Baseando-se na história real de um nonagenário veterano de guerra e cidadão exemplar que entregava droga para um cartel mexicano, Clint Eastwood realiza e interpreta “Correio de Droga” com a sobriedade clássica que lhe é conhecida, e um consumado sentido da geometria narrativa, da parcimónia expressiva e da gestão emocional. É um filme sobre a velhice e as suas indignidades, sobre um homem solitário e deslumbrado com o dinheiro que recebe por uma atividade criminosa e que usa para tentar reconciliar-se com a família que alienou. E é um filme moral, mas nunca moralista.

“A Pereira Brava”

de Nuri Bilge Ceylan

O realizador turco  autor de “Longínquo” e “Climas” dá aqui continuidade a um cinema que junta a mais pura beleza visual, um superior sentido plástico e o gosto pela contemplação, e a preocupação com os problemas, conflitos e dilemas da existência humana e das relações entre as pessoas, aqui concretizados na história de um universitário recém-formado que volta à vila natal, enquanto tenta editar o primeiro livro e resolver problemas de família.

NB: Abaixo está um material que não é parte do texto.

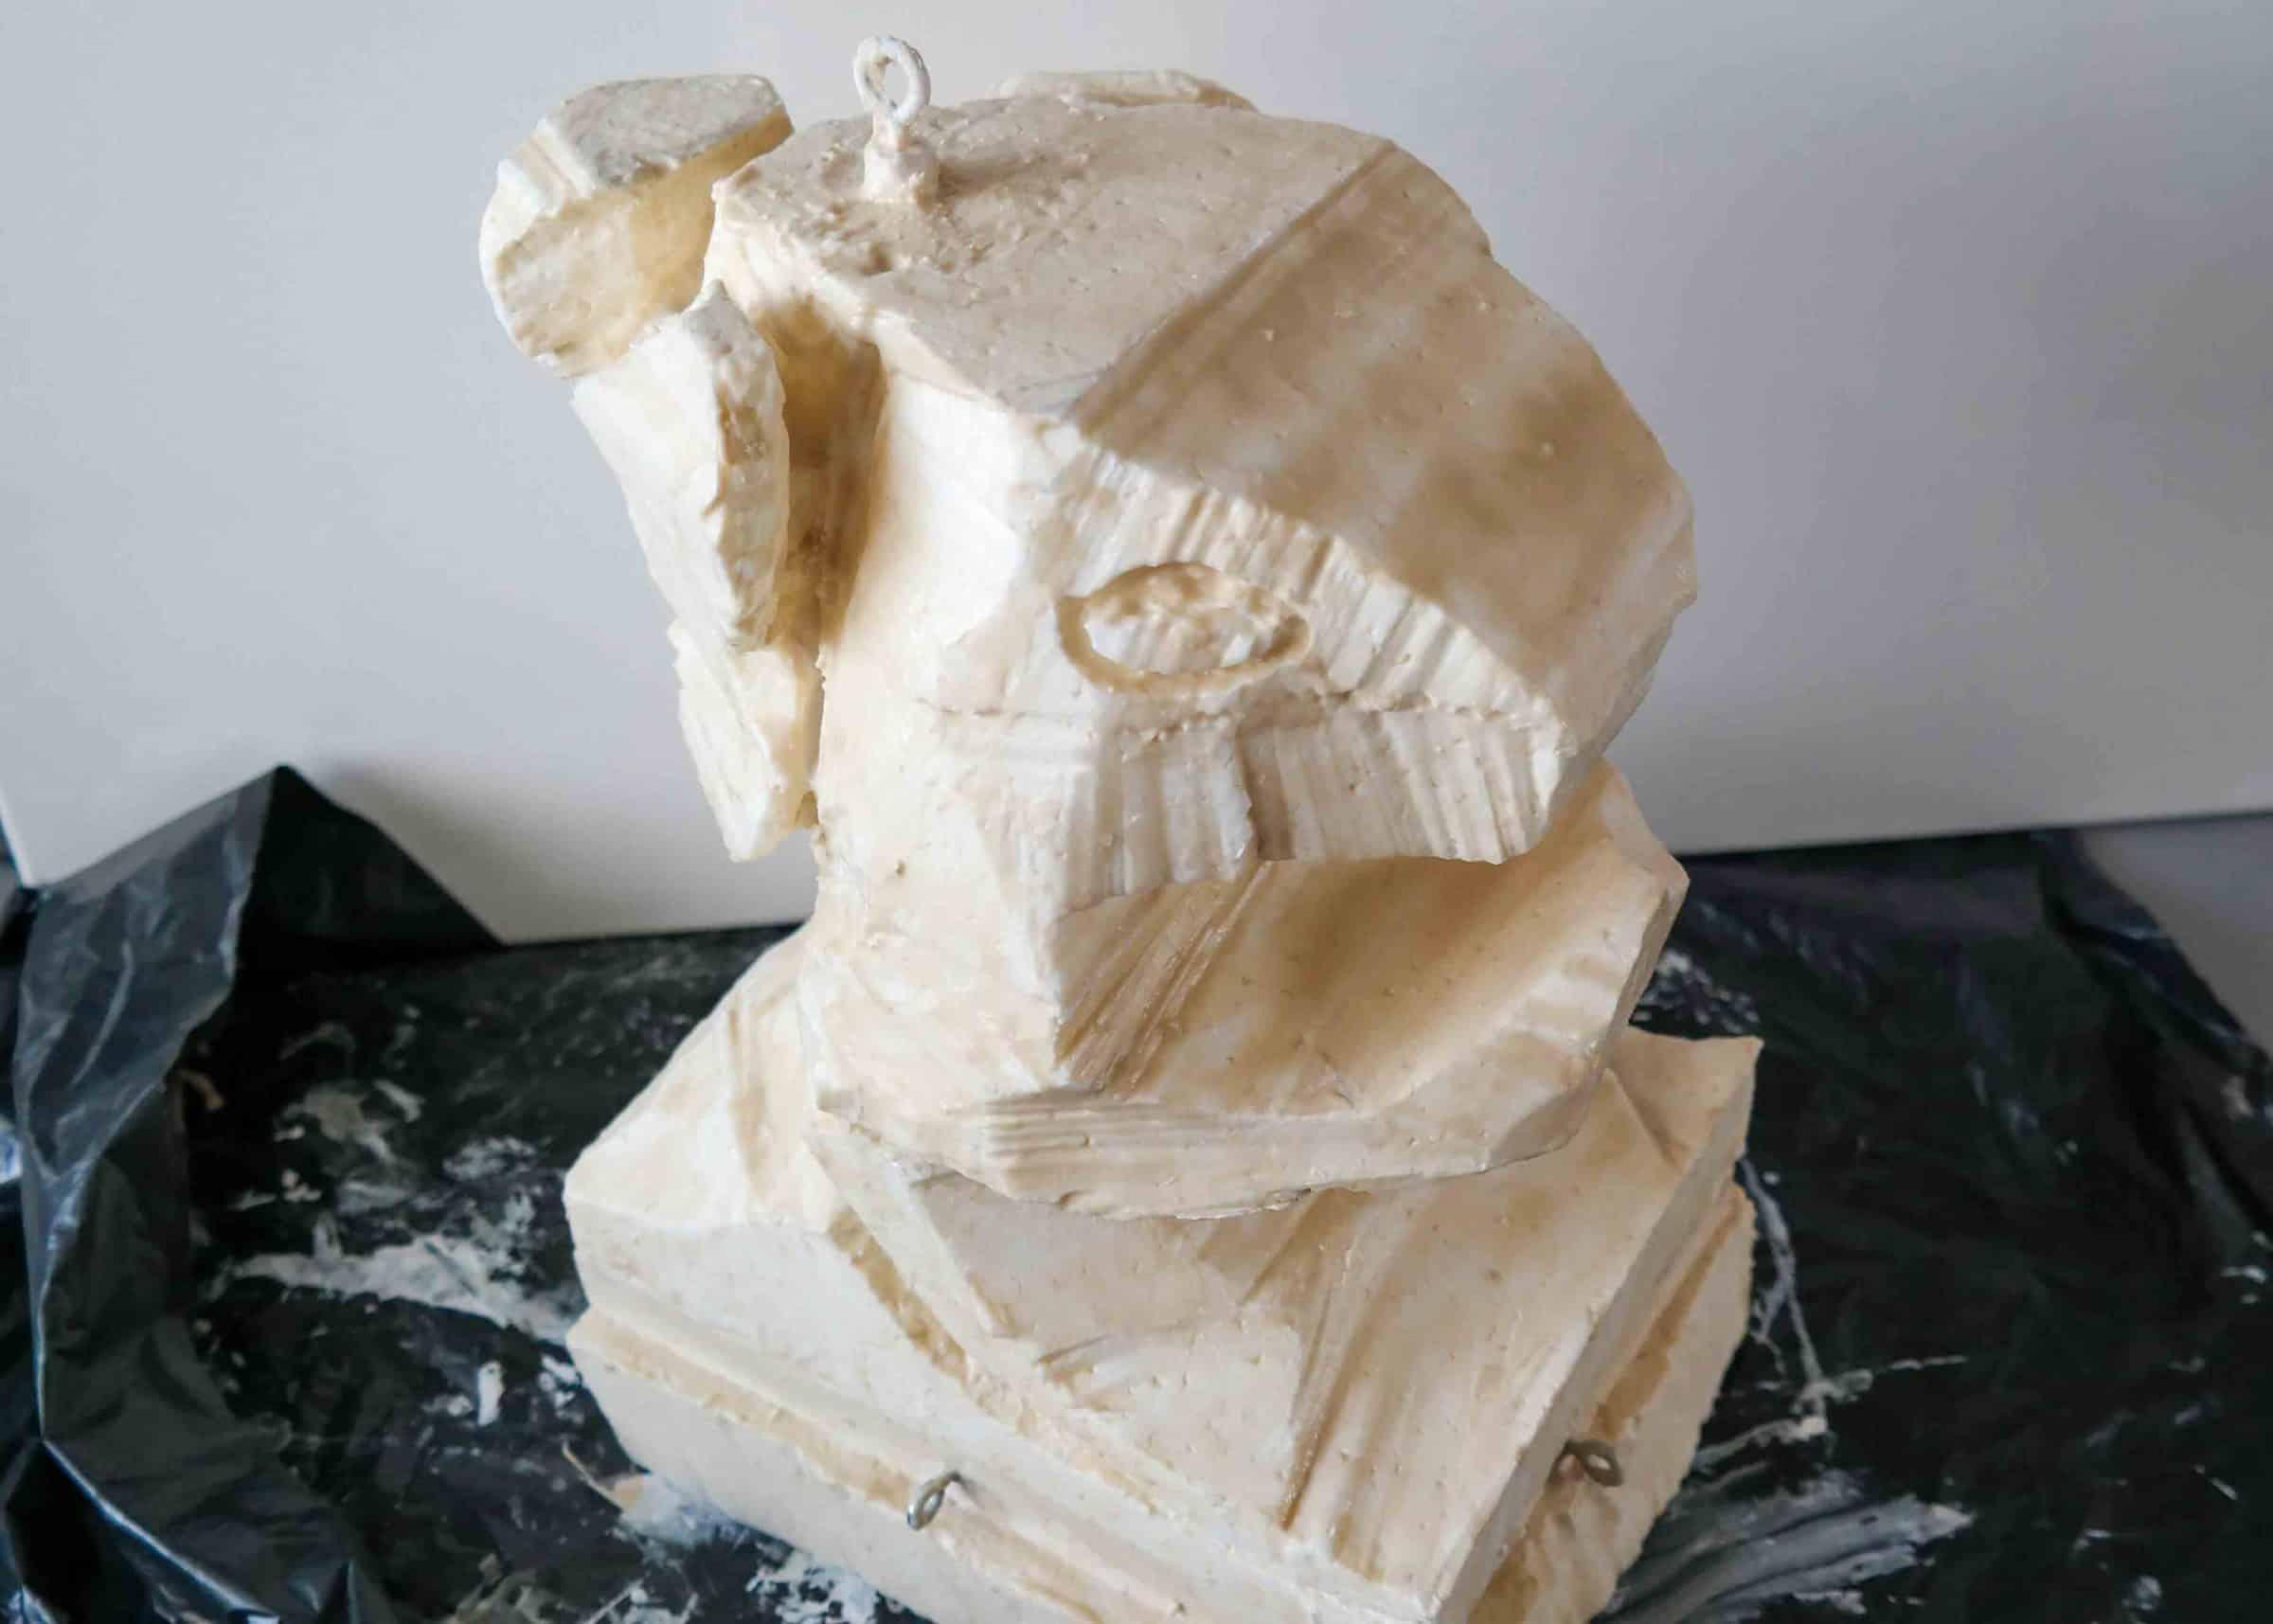 ALPHENART-test-statue-JABOScreations-Jasper-Bos-2

E Ceylan é um daqueles raros cineastas que consegue pegar na mais banal das situações, como um beijo entre um homem e uma mulher sob uma árvore batida pelo vento, e filmá-la como se fosse nova, e captar as mais impalpáveis movimentações da natureza.

“Três Rostos”

de Jafar Panahi

Mais um filme feito fora do radar das autoridades iranianas, mais um filme onde Jafar Panahi é um dos intérpretes principais. Desta vez, o realizador mete-se num carro com uma famosa atriz sua amiga, para irem descobrir se uma rapariga se suicidou ou não, no interior do país. Uma jornada que Panahi usa para voltar a esbater a linha entre realidade e ficção e falar da situação das mulheres no Irão ou do abandono em que vivem as populações de sítios remotos. E ainda para filmar duas atrizes e uma aspirante a sê-lo, cada qual representando uma época da história recente do Irão, e do cinema iraniano no passado, no presente e no futuro. “Três Rostos” é um “road movie” político, intimista e cinéfilo.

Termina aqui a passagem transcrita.